We recommend using [uv](https://docs.astral.sh/uv/) which is fast and has some
nice features. By running ``uv sync --frozen --all-groups --all-extras``, a
standard virtualenv will be installed in `./.venv`. You can then activate it
with `source .venv/bin/activate` and launch `slidge --help`.
NB: If you want to test slidge against an XMPP client, you will need to set up a local
XMPP server, and launch the `superduper` slidge-based gateway to a fantasy chat network.
An easy way to do that is to use the `slidge-prosody-dev` container:
`docker run --network host codeberg.org/slidge/prosody-slidge-dev`.
With it you will be able to launch the "superduper" bridge with
``slidge --legacy-module superduper --jid slidge.localhost --secret secret --debug --home-dir ./persistent``.
## Guidelines
slidge uses these tools to ensure some level of code quality:
- [mypy](https://www.mypy-lang.org/)
for static type checking,
- [ruff](https://docs.astral.sh/ruff/)
to detect common python mistakes and enforce a consistent style,
- [pytest](https://docs.pytest.org/en/stable/)
for automated tests.
Commit messages should be in the form of
[conventional commits](https://www.conventionalcommits.org/en/v1.0.0/), with
some additional types defined in [./commitlinx.config.js](https://codeberg.org/slidge/slidge/src/branch/main/commitlint.config.js).
This makes it possible to automatically generate changelogs on releases, it
is worth it! We use [git-cliff](https://git-cliff.org/) for this.

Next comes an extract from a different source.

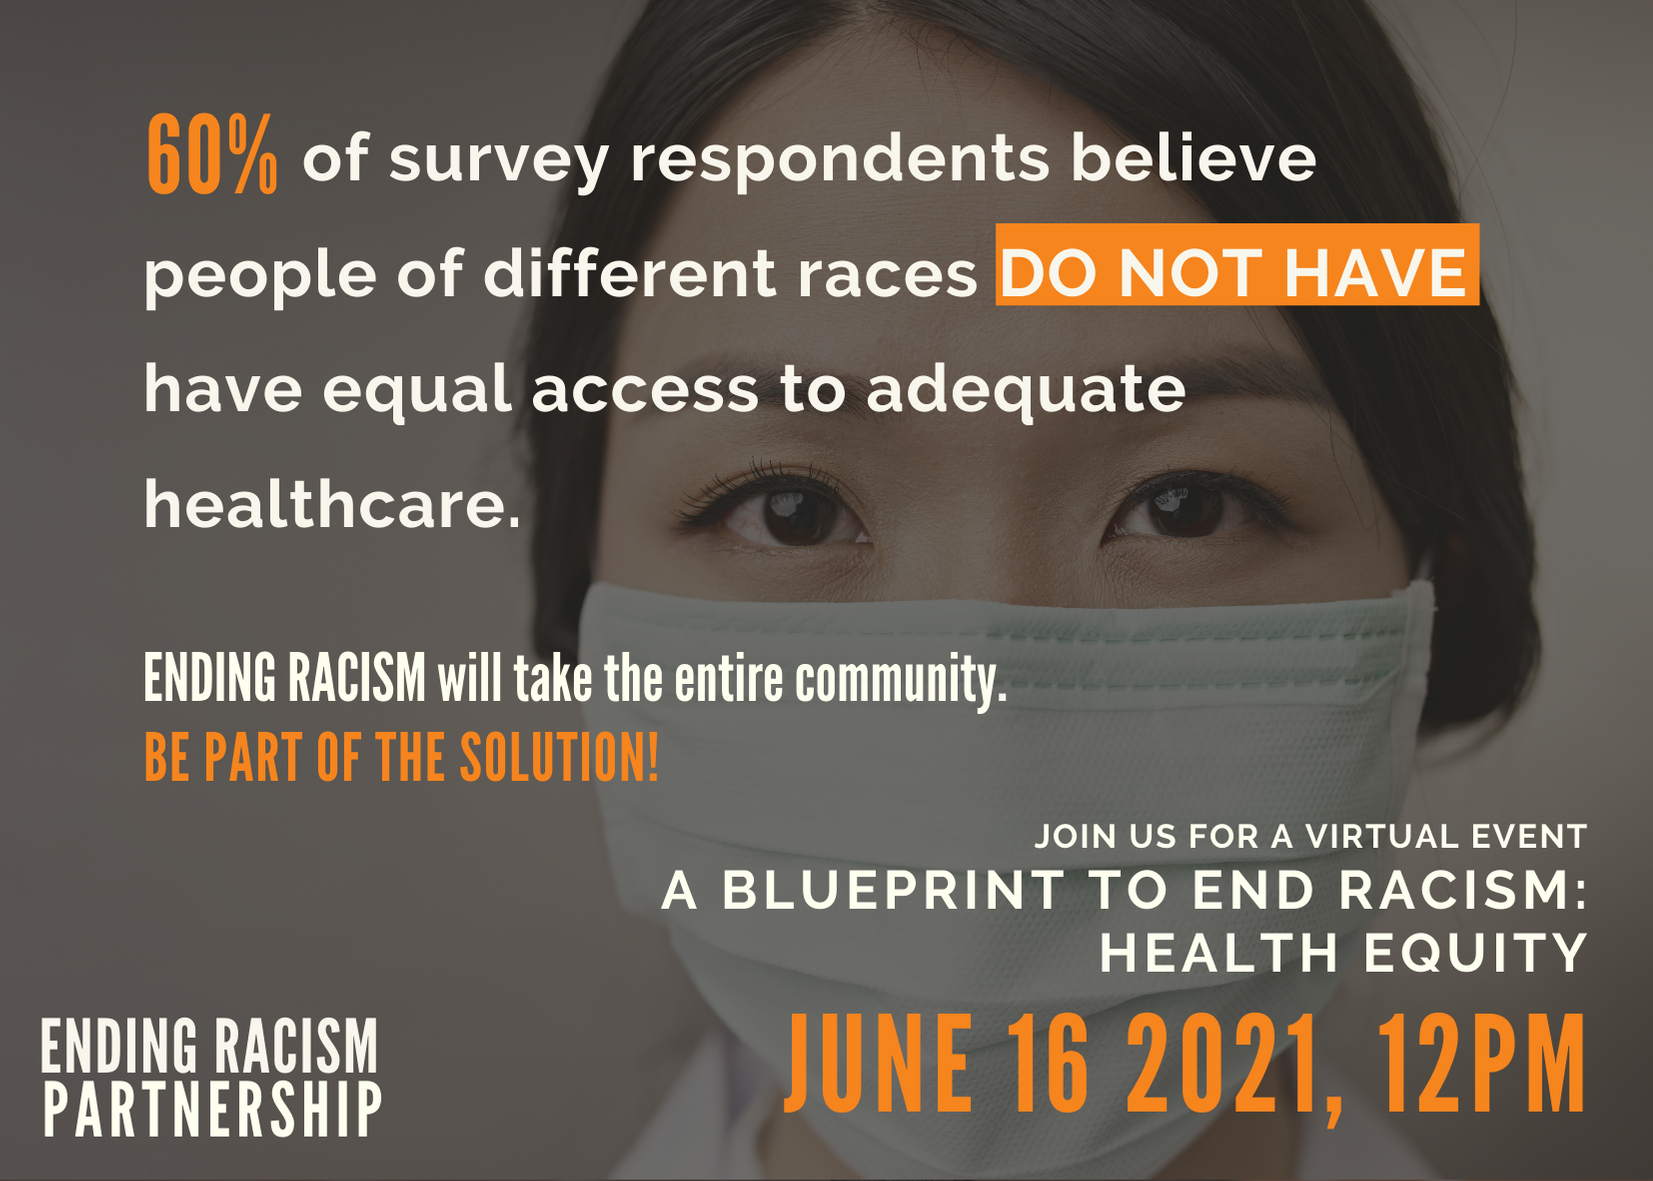 Ending Racism Partnership health equity

You don't have
to install git-cliff locally, the magic happens in CI.
We recommended setting up [pre-commit](https://pre-commit.com/) to ensure that
these pass for each commit: `pre-commit install && pre-commit install --hook-type commit-msg`.
Make a new git branch, commit your changes, push it to your fork and open a
pull request!
NB: we also accept contributions without pull requests. Just push your changes
somewhere and tell us where to pull via the group chat.